22.6 is an outlier for which of the following sets of data?
A. 22.6, 21.5, 23.7, 22.6, 28.9, 22.6, 20.9
B. 2.4, 5.3, 3.5, 22.6, 1.8, 2.1, 4.6, 1.9
C. 20.5, 20.8, 21.6, 22.6, 23.7, 24.5, 25.1
D. 13.6, 31.7, 25.8, 22.6, 18.9, 21.6, 30.5
B is where 22.6 is an outlier.
the set where most of the values are distant from 22.6
Hmm, let me think about this... Ah! I've got it! The clown of the data sets is option B. Why?

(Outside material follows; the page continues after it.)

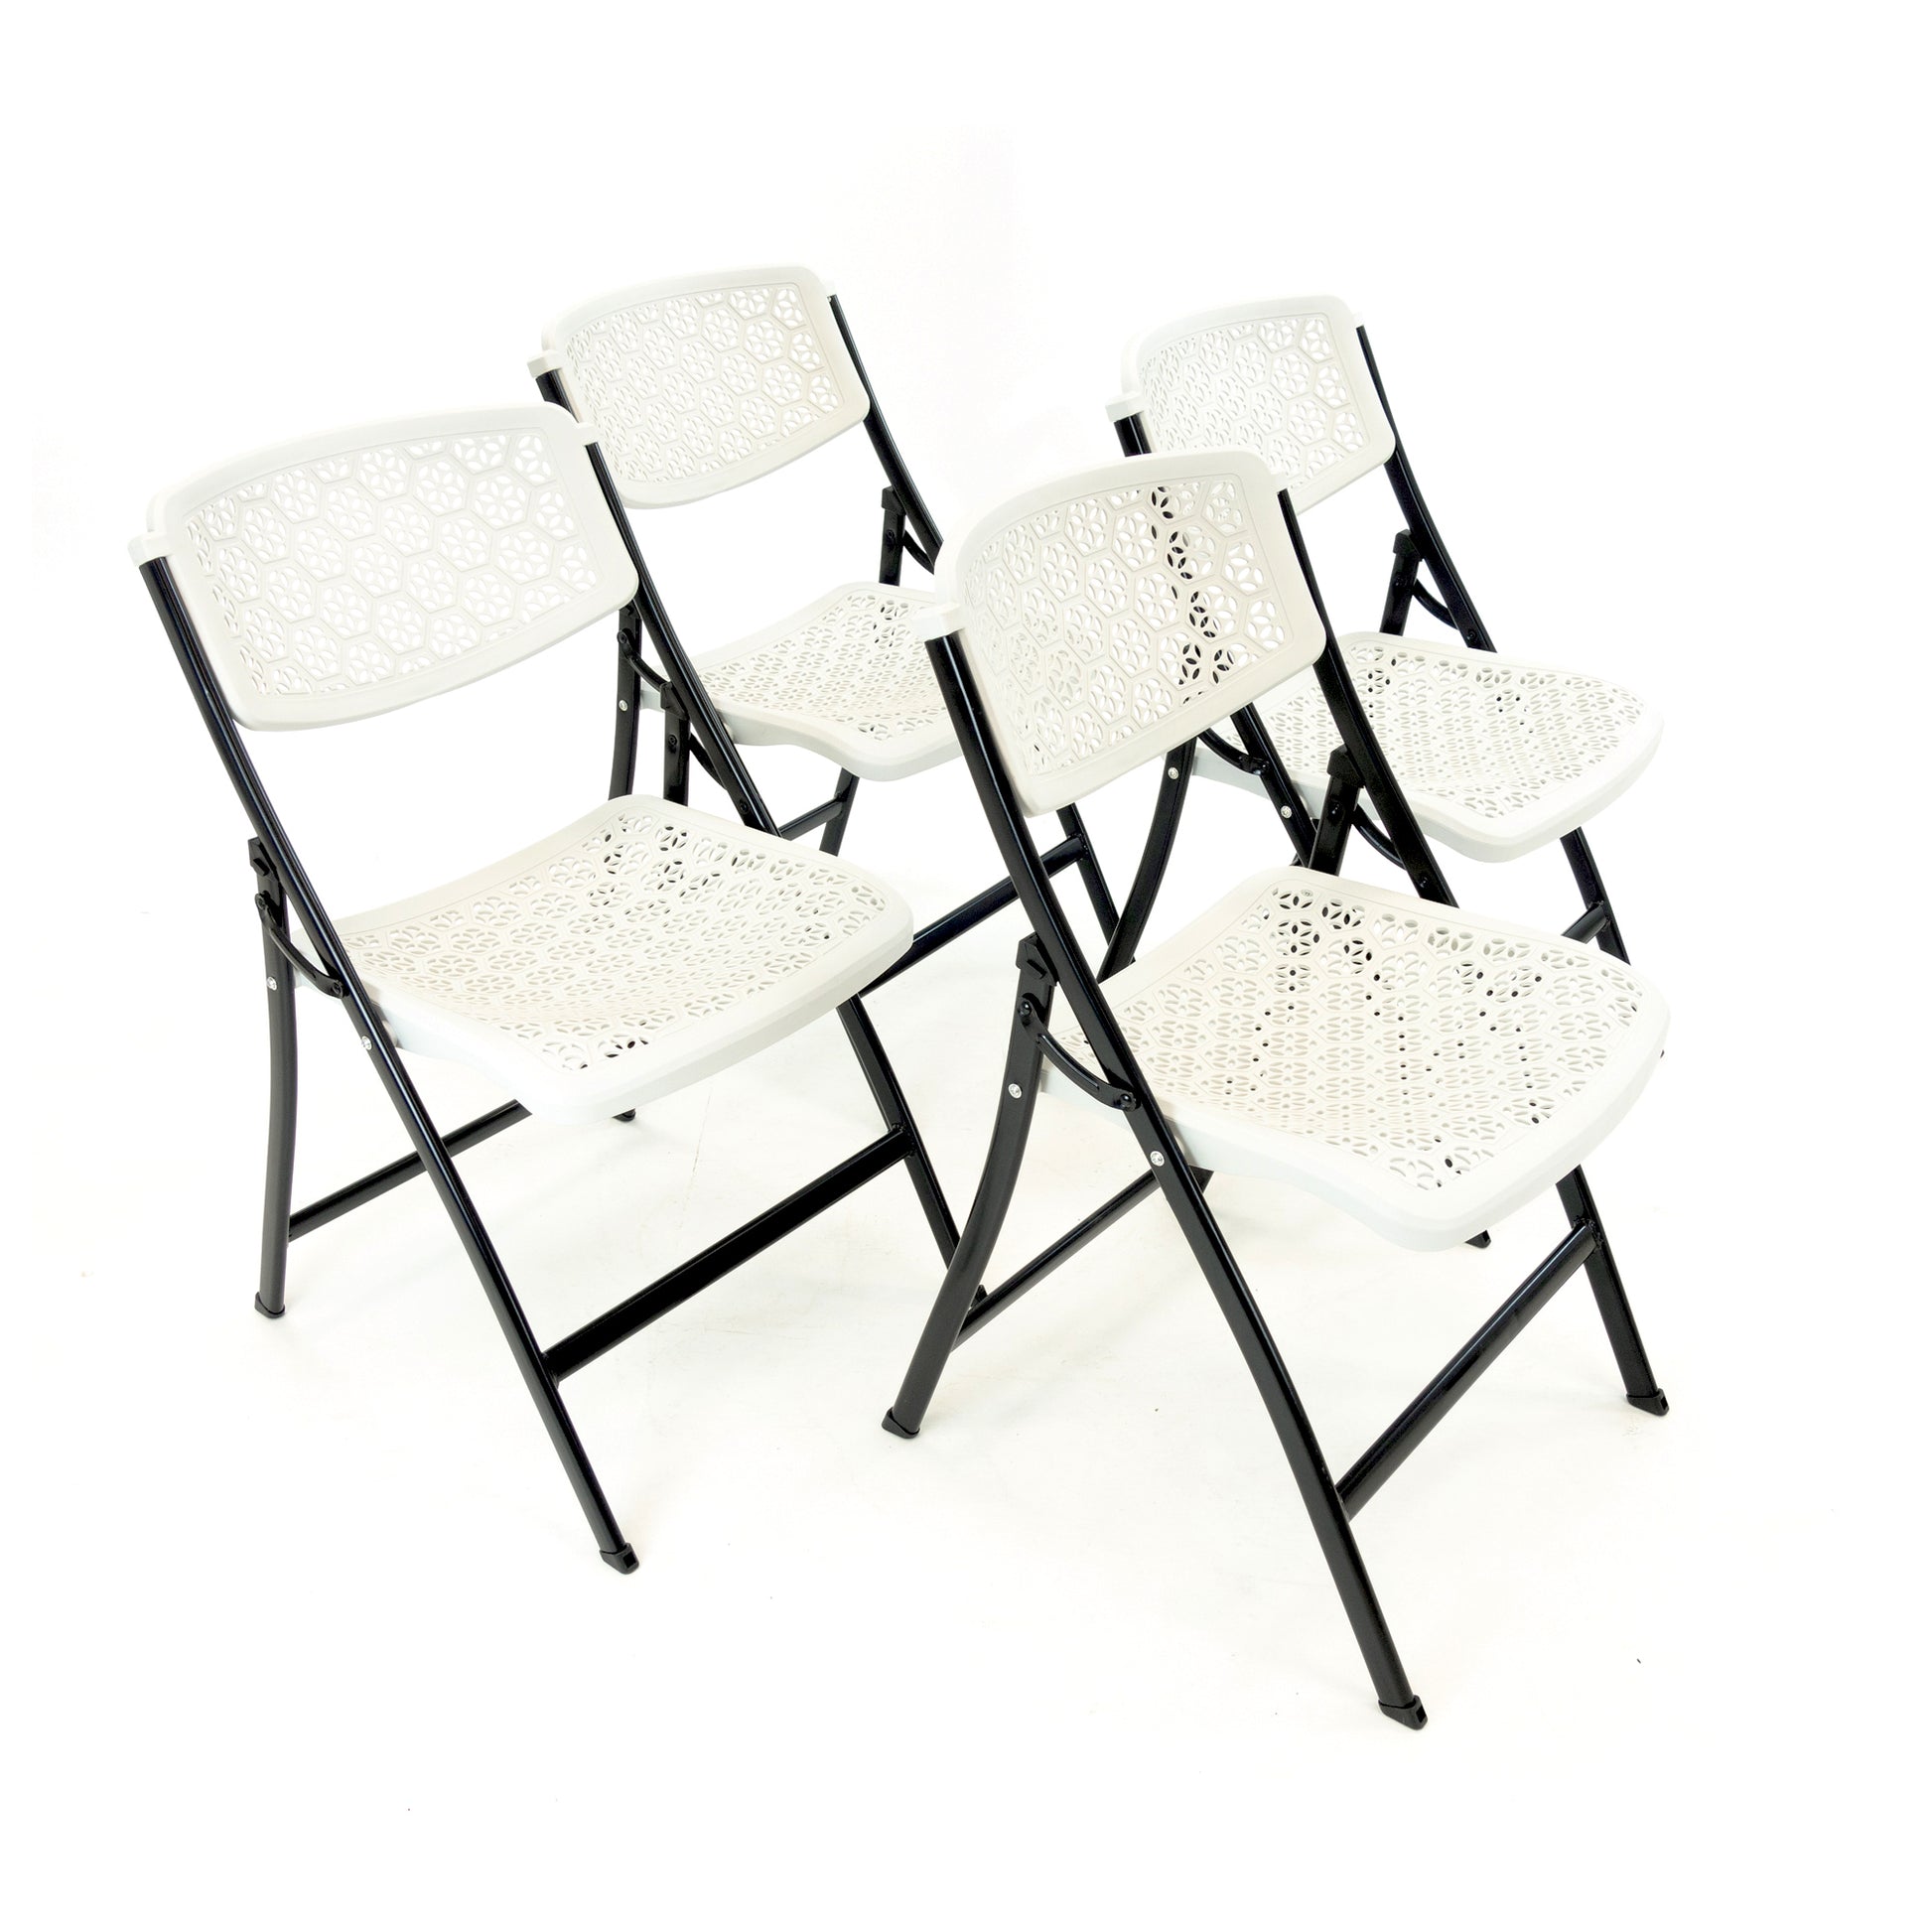 picnic-folding-chairs-with-honeycomb-pattern-white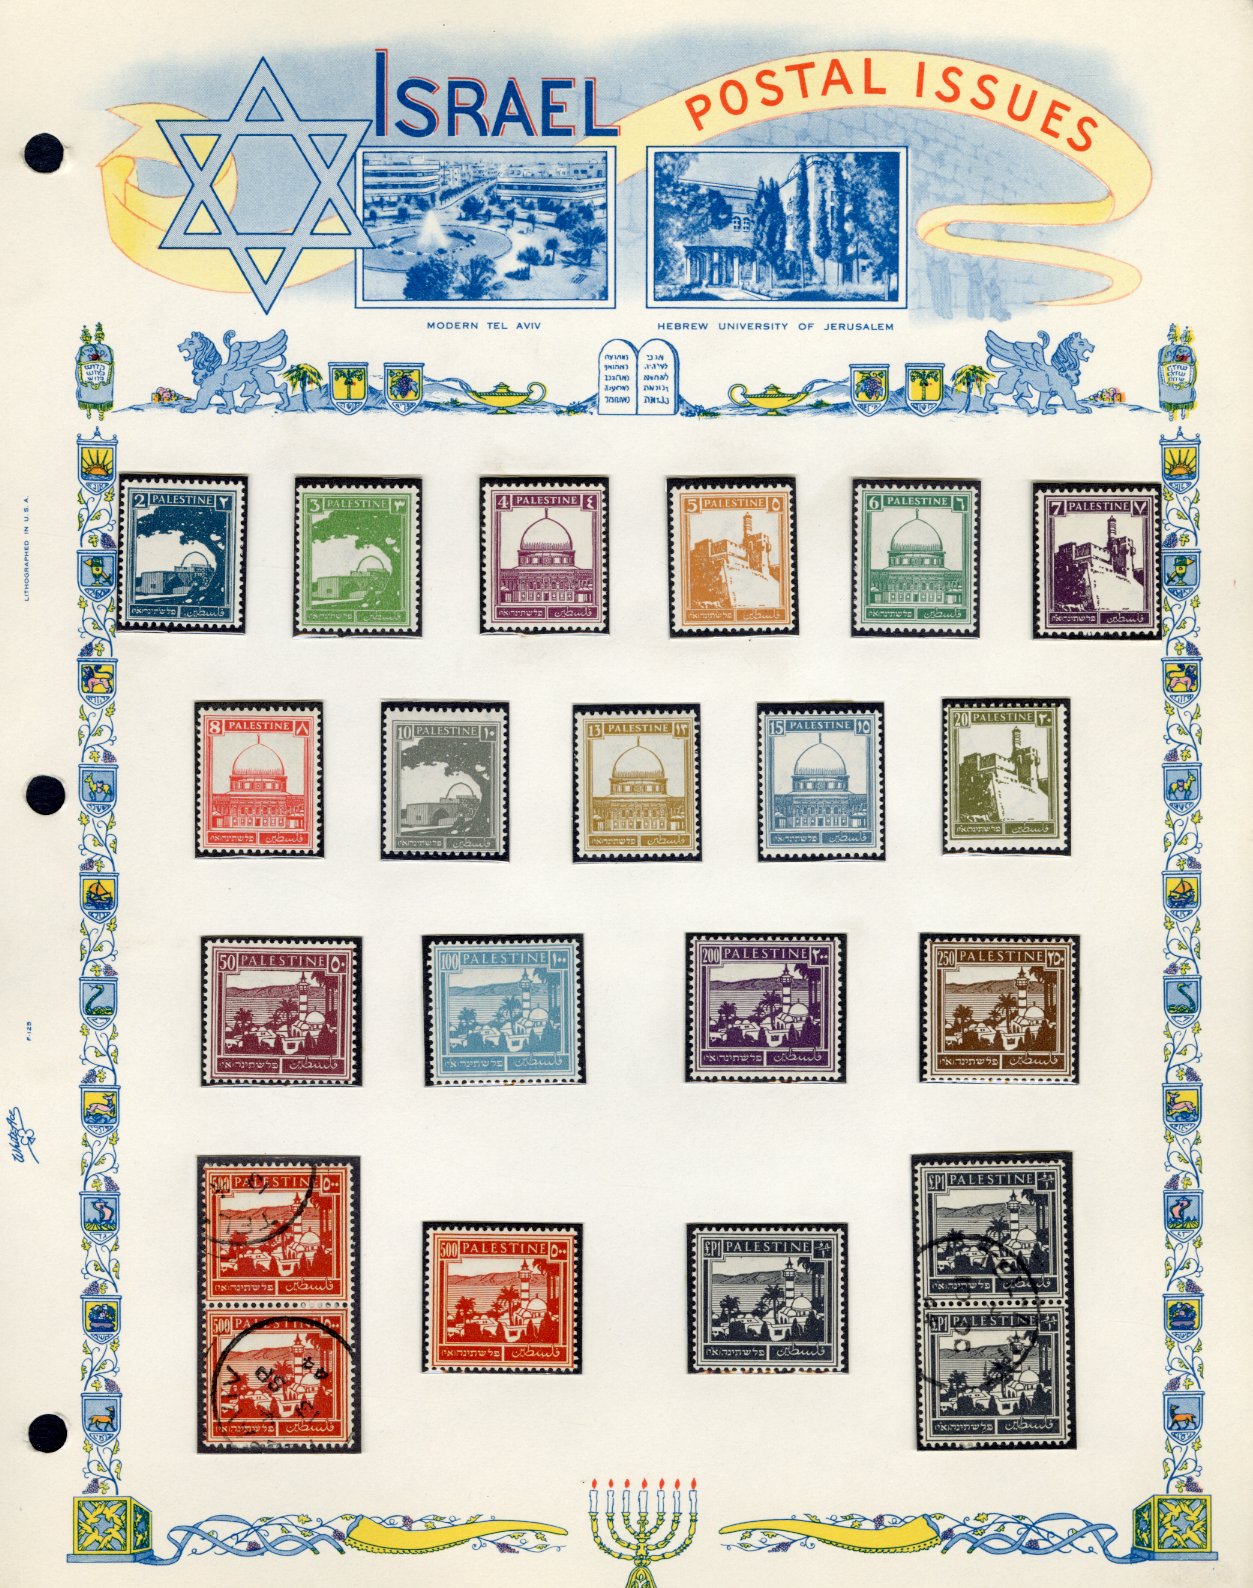 Lot 1493 - LARGE LOTS AND COLLECTIONS SAUDI ARABIA  -  Cherrystone Auctions U.S. & Worldwide Stamps & Postal History

Because while all the other data sets have repeated values of 22.6, option B stands out with just one 22.6. It's like the odd clown out!
To determine if 22.6 is an outlier for each set of data, we need to calculate the mean and standard deviation.
For set A:
Mean = (22.6 + 21.5 + 23.7 + 22.6 + 28.9 + 22.6 + 20.9) / 7 = 21.99
Standard Deviation = √[ (22.6 - 21.99)² + (21.5 - 21.99)² + (23.7 - 21.99)² + (22.6 - 21.99)² + (28.9 - 21.99)² + (22.6 - 21.99)² + (20.9 - 21.99)² ] / 7 = 2.20
Since 22.6 is within 1 standard deviation of the mean, it is not an outlier for set A.
For set B:
Mean = (2.4 + 5.3 + 3.5 + 22.6 + 1.8 + 2.1 + 4.6 + 1.9) / 8 = 6.10
Standard Deviation = √[ (2.4 - 6.10)² + (5.3 - 6.10)² + (3.5 - 6.10)² + (22.6 - 6.10)² + (1.8 - 6.10)² + (2.1 - 6.10)² + (4.6 - 6.10)² + (1.9 - 6.10)² ] / 8 = 7.54
Since 22.6 is more than 2 standard deviations away from the mean, it is an outlier for set B.
For set C:
Mean = (20.5 + 20.8 + 21.6 + 22.6 + 23.7 + 24.5 + 25.1) / 7 = 22.22
Standard Deviation = √[ (20.5 - 22.22)² + (20.8 - 22.22)² + (21.6 - 22.22)² + (22.6 - 22.22)² + (23.7 - 22.22)² + (24.5 - 22.22)² + (25.1 - 22.22)² ] / 7 = 1.32
Since 22.6 is within 1 standard deviation of the mean, it is not an outlier for set C.
For set D:
Mean = (13.6 + 31.7 + 25.8 + 22.6 + 18.9 + 21.6 + 30.5) / 7 = 23.06
Standard Deviation = √[ (13.6 - 23.06)² + (31.7 - 23.06)² + (25.8 - 23.06)² + (22.6 - 23.06)² + (18.9 - 23.06)² + (21.6 - 23.06)² + (30.5 - 23.06)² ] / 7 = 5.94
Since 22.6 is within 1 standard deviation of the mean, it is not an outlier for set D.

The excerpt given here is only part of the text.